Oleh: Vika Ananda Wardani

                Idul Adha adalah salah satu hari raya bagi umat islam. Idul Adha diperingati setiap tanggal 10 Dzulhijjah untuk memperingati peristiwa dimana Nabi Ibrahim bersedia mengorbankan anaknya (Nabi Ismail) demi memenuhi perintah Allah, namun kemudian penyembelihan itu digantikan oleh-Nya dengan seekor domba. Peringatan Idul Adha diawali dengan pelaksanaan salat Id baik di masjid atau tanah lapang pada pagi hari. Perayaan kemudian dilanjutkan dengan penyembelihan hewan kurban.

            Setelah disembelih, daging kurban kemudian dibagikan secara merata kepada warga sekitar.
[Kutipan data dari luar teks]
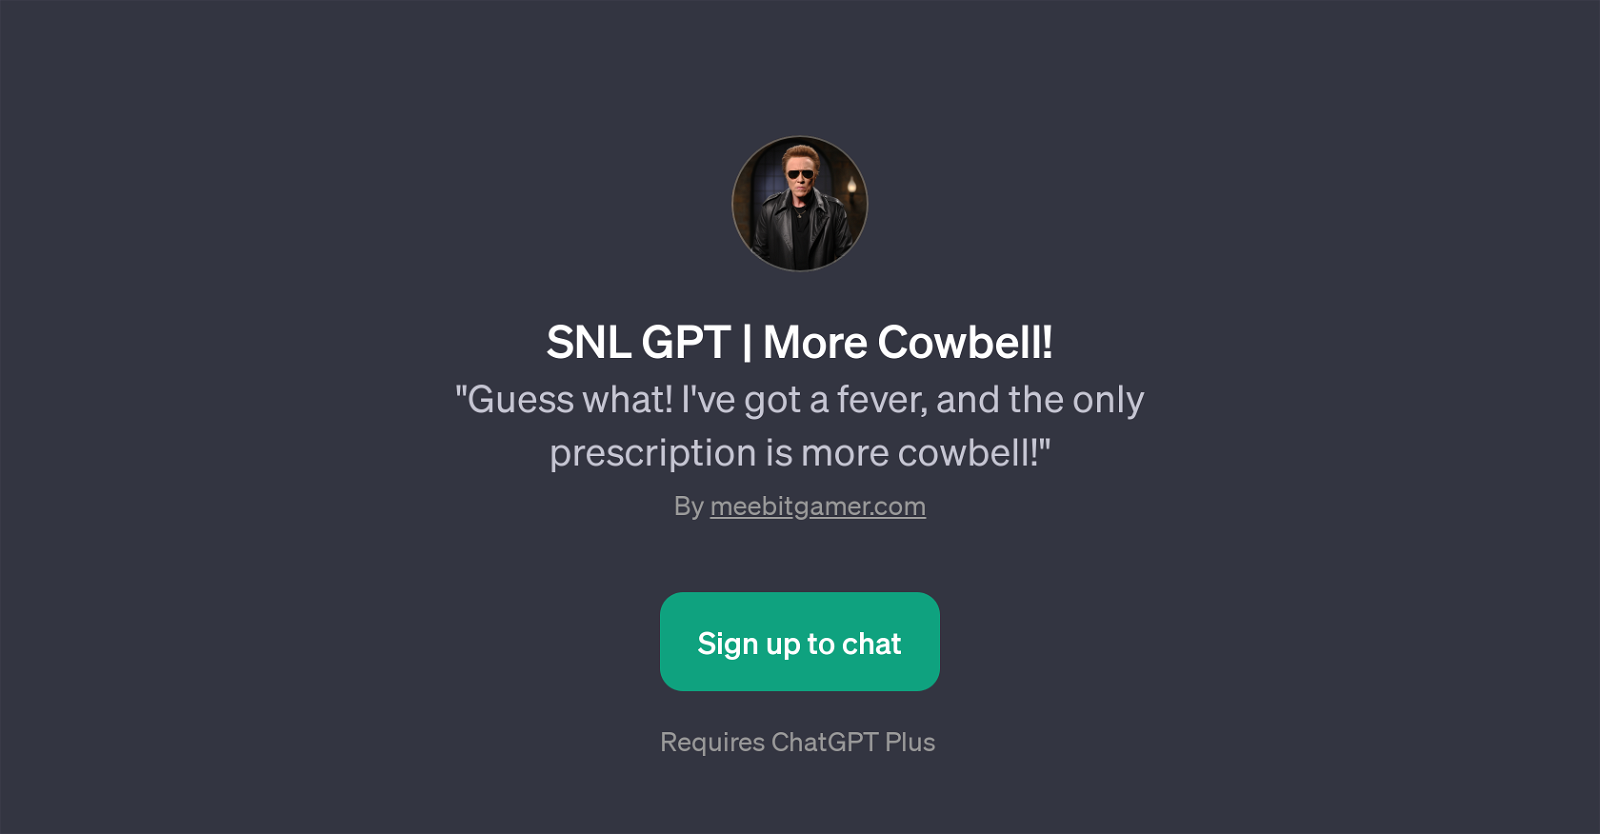 SNL GPT | More Cowbell! website
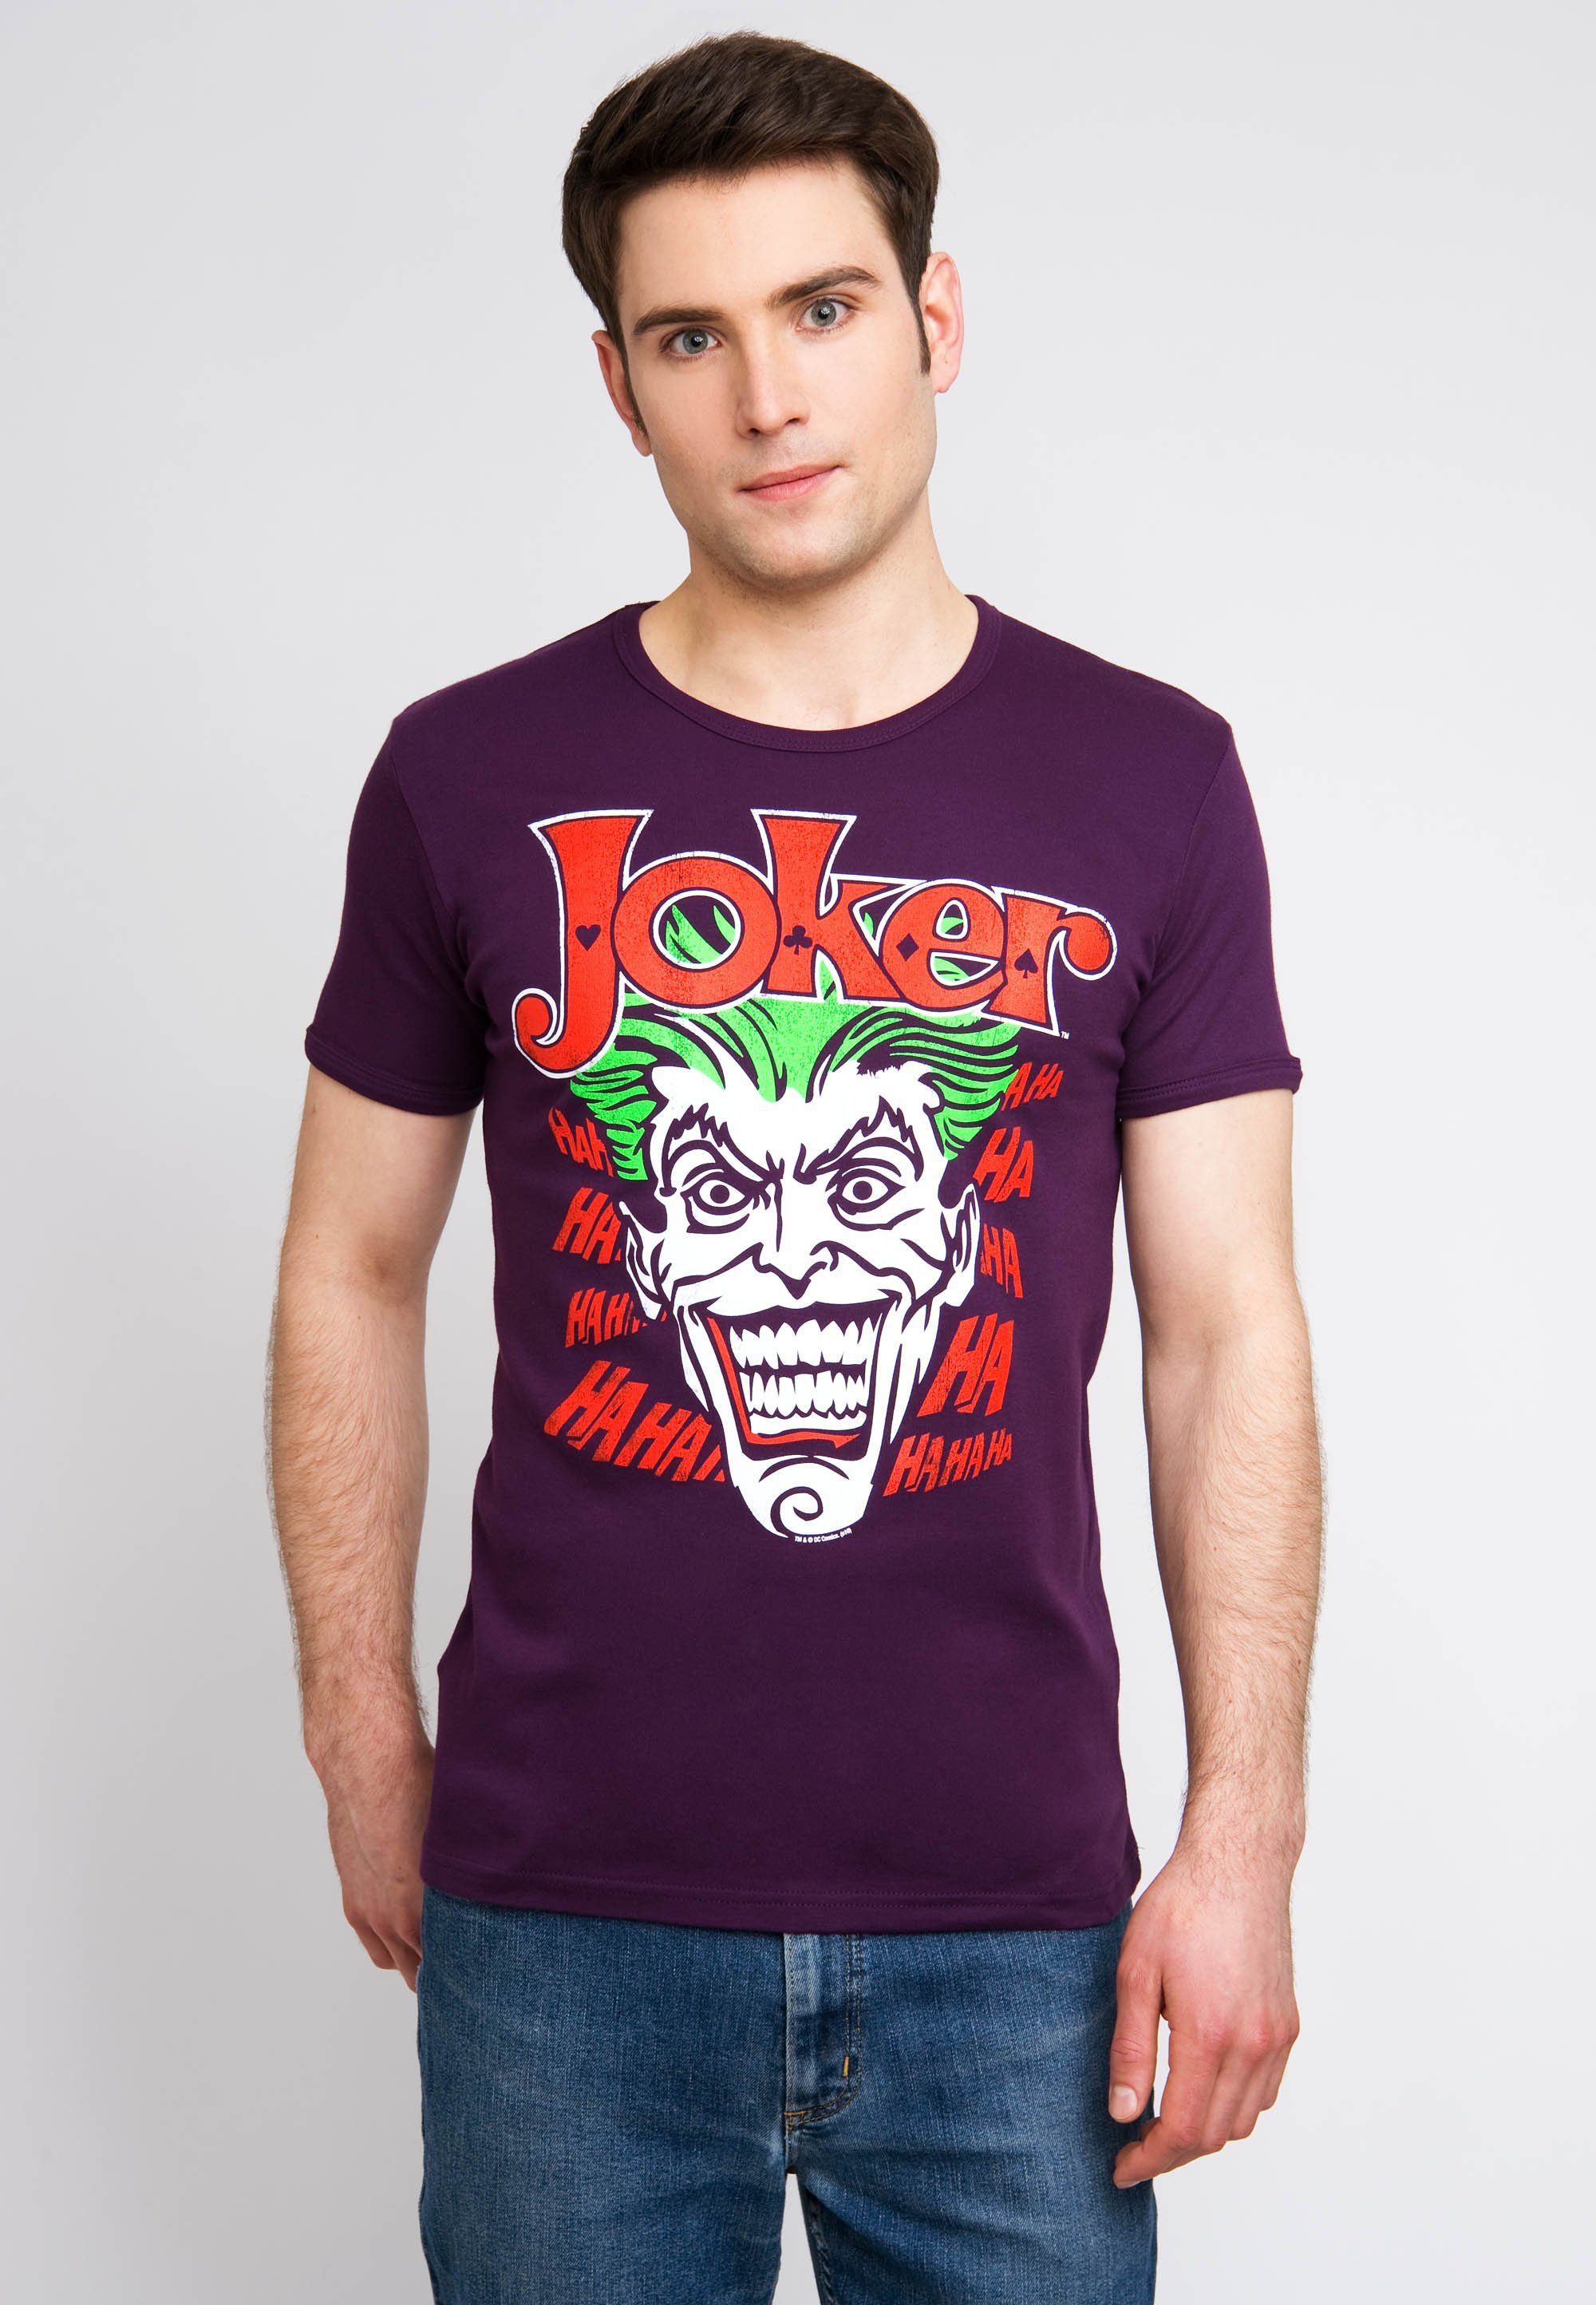 LOGOSHIRT T-Shirt Joker Batman mit kultigem Joker-Print

Pada momentum ini, banyak masyarakat yang merayakan Idul Adha dengan membuat berbagai macam bentuk hidangan dari daging sapi ataupun kambing. Namun, perlu diingat bahwa daging kambing dan sapi memiliki kandungan kolestrol yang tinggi. Mengutip halodoc.com, bahwa dalam setiap seratus gram daging kambing, terdapat sekitar 3,03 gram lemak, sedangkan pada daging sapi terdapat 7,72 gram lemak. Kemudian dalam ukuran yang sama, daging kambing memiliki kandungan kolesterol sekitar 75 miligram dan pada daging sapi memiliki kandungan kolesterol sebesar 80 miligram. Melihat kandungan yang terdapat pada dua daging tersebut, tidak dianjurkan untuk mengkonsumsi daging kambing dan daging sapi secara berlebihan. Hal ini mengingat bahwa mengonsumsi makanan yang memiliki kandungan kolesterol tinggi membuat kolesterol dalam tubuh juga ikut naik. Kolesterol yang tinggi dapat menyebabkan masalah jantung dan jika dibiarkan tanpa perawatan bisa menyebabkan penyakit kronis hingga kematian.

Untuk menyiasati agar tetap bisa mengonsumsi daging kurban pada saat Idul Adha, terdapat beberapa makanan yang berfungsi sebagai penetral agar kolesterol dalam tubuh tetap stabil. Dikutip dari web health.grid.id, terdapat beberapa makanan yang mempunyai manfaat untuk menurunkan kadar kolesterol, antara lain :

1.      Makanan berserat, penelitian menjelaskan bahwa makanan yang tinggi serat mampu mengurangi kolesterol jahat dalam tubuh. Kandungan serat ini dapat larut ke dalam darah sehingga mampu mengurangi kolestrol jahat dalam tubuh hingga sebanyak 28%.

2.       Jus jeruk, mengonsumsi jus jeruk merupakan salah satu solusi dalam mengurangi kadar kolesterol dalam tubuh. Jus jeruk dapat membantu menormalkan kolestrol serta membuat aliran darah agar selalu lancar dan sehat.

3.      Kedelai, kedelai mengandung senyawa yang disebut isoflavon. Senyawa ini diketahui dapat menurunkan kadar kolesterol jahat dalam tubuh. Selain itu, kedelai juga dapat membantu jantung mengurangi jumlah lemak jenuh dari makan yang dikonsumsi.

4.      Bawang putih, bawang putih memiliki sejumlah manfaat mulai dari membantu menurunkan kolesterol, mecegah pembekuan darah, menurunkan tekanan darah, dan juga melindungi tubuh dari infeksi. Selain itu bawang putih juga mencegah partikel kolesterol menempel pada dinding arteri.

Sejumlah makanan diatas dapat dikonsumsi sebagai penetral setelah mengkonsumsi olahan daging kambing ataupun daging sapi. Ingat ya guys, makan daging kambing dan daging sapi memang boleh, tapi kesehatan harus tetap dijaga.